Roeliene C. Kruizinga scite author profile

Several in vitro and in vivo models have revealed the key role of CXCR4/CXCL12 axis in tumor-stroma interactions. Stromal cells present in the tumor microenvironment express high levels of CXCL12 protein, directly stimulating proliferation and migration of CXCR4-expressing cancer cells. This specific prosurvival influence of stromal cells on tumor cells is thought to protect them from cytotoxic chemotherapy and is postulated as a possible explanation for the minimal residual disease in hematological and solid cancers.
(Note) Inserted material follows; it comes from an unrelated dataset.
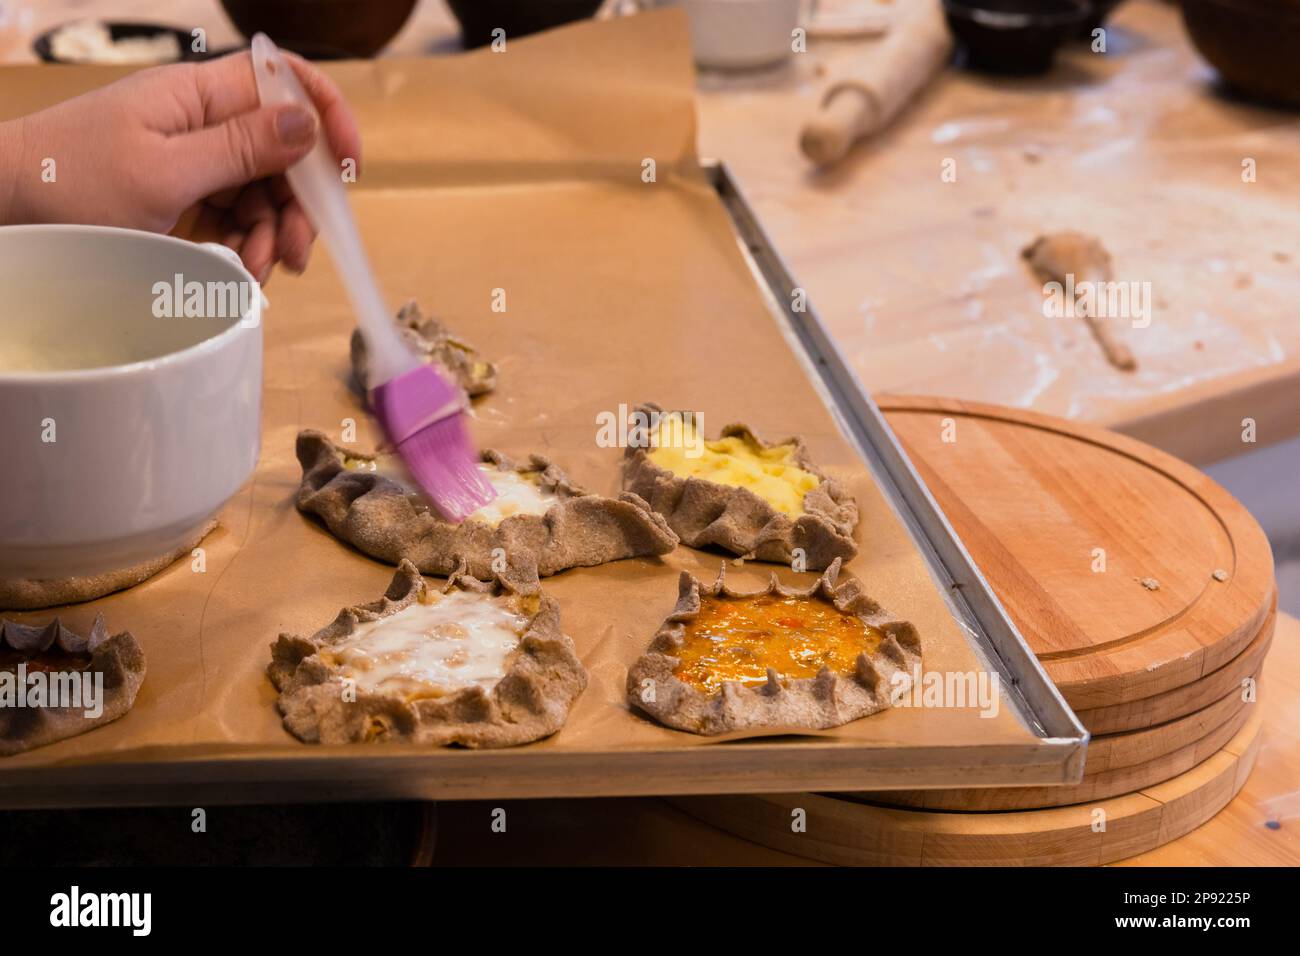 Preparing homemade Karelian pasties for bake, brushing with melted butter, close up photo with selective soft focus Stock Photo

Therefore, CXCR4/CXCL12 signaling is an attractive therapeutic target in cancer, as proven in preclinical leukemia mouse models, where CXCR4 inhibition sensitized cancer cells to conventional chemotherapy. This study investigates whether inhibition of CXCR4 with the specific inhibitor AMD3100 sensitizes human prostate cancer cells to docetaxel. We showed that both mouse and human stromal cell lines have a protective effect on PC3-luc cells by promoting their survival after chemotherapy. Furthermore, we demonstrated that AMD3100 sensitizes PC3-luc cells to docetaxel. In a subcutaneous xenograft mouse model of human prostate carcinoma, we showed that a combination of docetaxel and AMD3100 exerts increased antitumor effect compared with docetaxel alone. We concluded that CXCR4 inhibition chemosensitizes prostate cancer cells, both in vitro and in vivo. To explore the relevance of these findings, we analyzed CXCR4 expression levels in human prostate cancer samples. We found that cancer cells present in bone metastatic lesions express higher CXCR4 levels relative to the cells present in primary tumors and lymph node metastatic lesions. These findings underscore the potential of CXCR4 inhibitors as chemosensitizing agents.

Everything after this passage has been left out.